Monitor abandonment rates weekly for trends, but make decisions based on monthly data to account for natural fluctuations. Quarterly deep-dives should examine abandonment by traffic source, device, and customer segment.

Does buy-now-pay-later reduce abandonment?

Yes, offering BNPL options can reduce abandonment, particularly for purchases over $100. However, the 10% of shoppers who cite “not enough payment methods” as their abandonment reason suggests the impact varies by audience and product category.

Are email reminders counted as “recovered” abandonment?

Cart recovery emails typically convert 5-15% of abandoned carts, but these are counted as separate conversions, not reductions in the abandonment rate. The abandonment rate measures initial checkout completion, while recovery measures subsequent re-engagement success.

How many online shopping carts are abandoned worldwide?

With global ecommerce sales exceeding $5 trillion annually and a 70.19% abandonment rate, approximately $3.5 trillion worth of merchandise is added to carts but never purchased each year. However, not all of this represents lost sales, as 43% of users are “just browsing.”

What device has the highest abandonment rate?

Tablet devices show the highest abandonment rates at 80.74%, followed closely by mobile at 80.2%. Desktop maintains the lowest rate at 70-73%. However, tablets represent a much smaller portion of ecommerce traffic, making mobile abandonment the bigger concern for most retailers due to its volume and the challenges of smaller screens, slower loading, and more complex form entry on touch devices.

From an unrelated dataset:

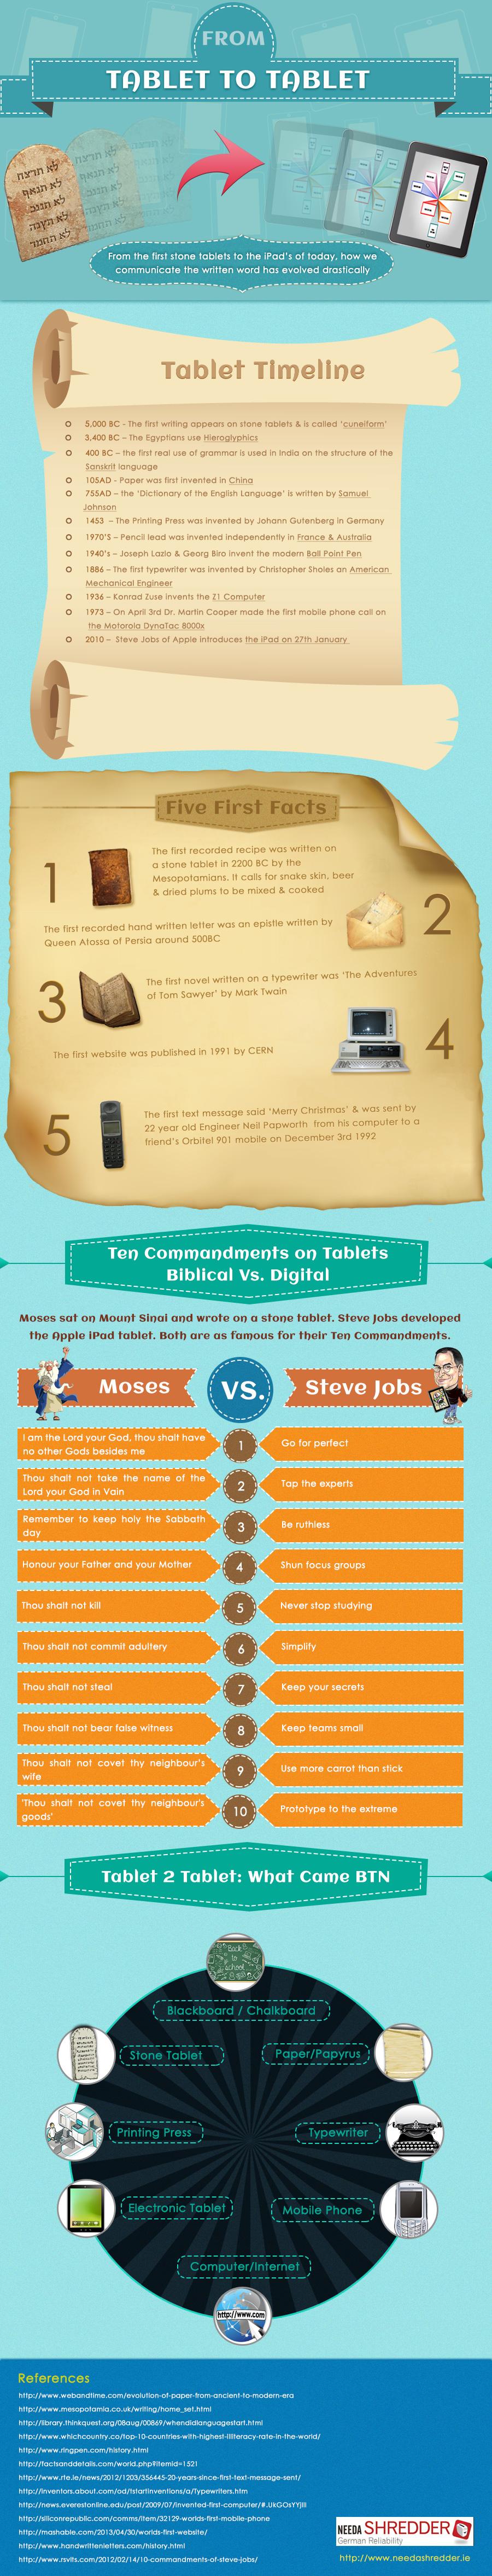 Stone Tablet vs digital tablet

How is cart abandonment calculated?

Cart abandonment rate = (Number of completed transactions ÷ Number of shopping carts created) × 100. However, definitions vary: some tools count sessions vs. users, apply different timeout periods (30 minutes to 30 days), and handle returning visitors differently.

How much money is lost to cart abandonment each year?

Baymard Institute estimates that $260 billion in recoverable sales are lost annually in the US and EU markets alone due to poor checkout UX. Globally, the figure likely exceeds $500 billion, though not all abandoned carts represent genuine purchase intent.

What’s the trend over the last decade?

Cart abandonment rates have remained remarkably stable around 70% since 2010. Individual studies range from 55% to 84%, but the average has consistently hovered near 70% despite improvements in payment technology and checkout design.

Can better checkout UX lower abandonment?

Yes, significantly. Baymard’s research shows that addressing documented checkout usability issues can increase conversion rates by up to 35.26%. The average site has 39 potential improvement areas, from reducing form fields (23.48 average vs. 12-14 ideal) to improving trust signals and payment options.


Key takeaways

Understanding your cart abandonment rate is just the first step toward optimization. The research shows that significant improvements are possible through systematic checkout optimization.

Focus on the big wins first: Address the top abandonment reasons—extra costs (39%), slow delivery (21%), and security concerns (19%)—before tackling smaller issues.

Benchmark your checkout flow: Compare your form fields against the ideal 12-14 elements. The average site uses 23.48 elements, creating unnecessary friction.

Test systematically: With 39 documented improvement opportunities available to most sites, prioritize changes based on your specific abandonment data and user feedback.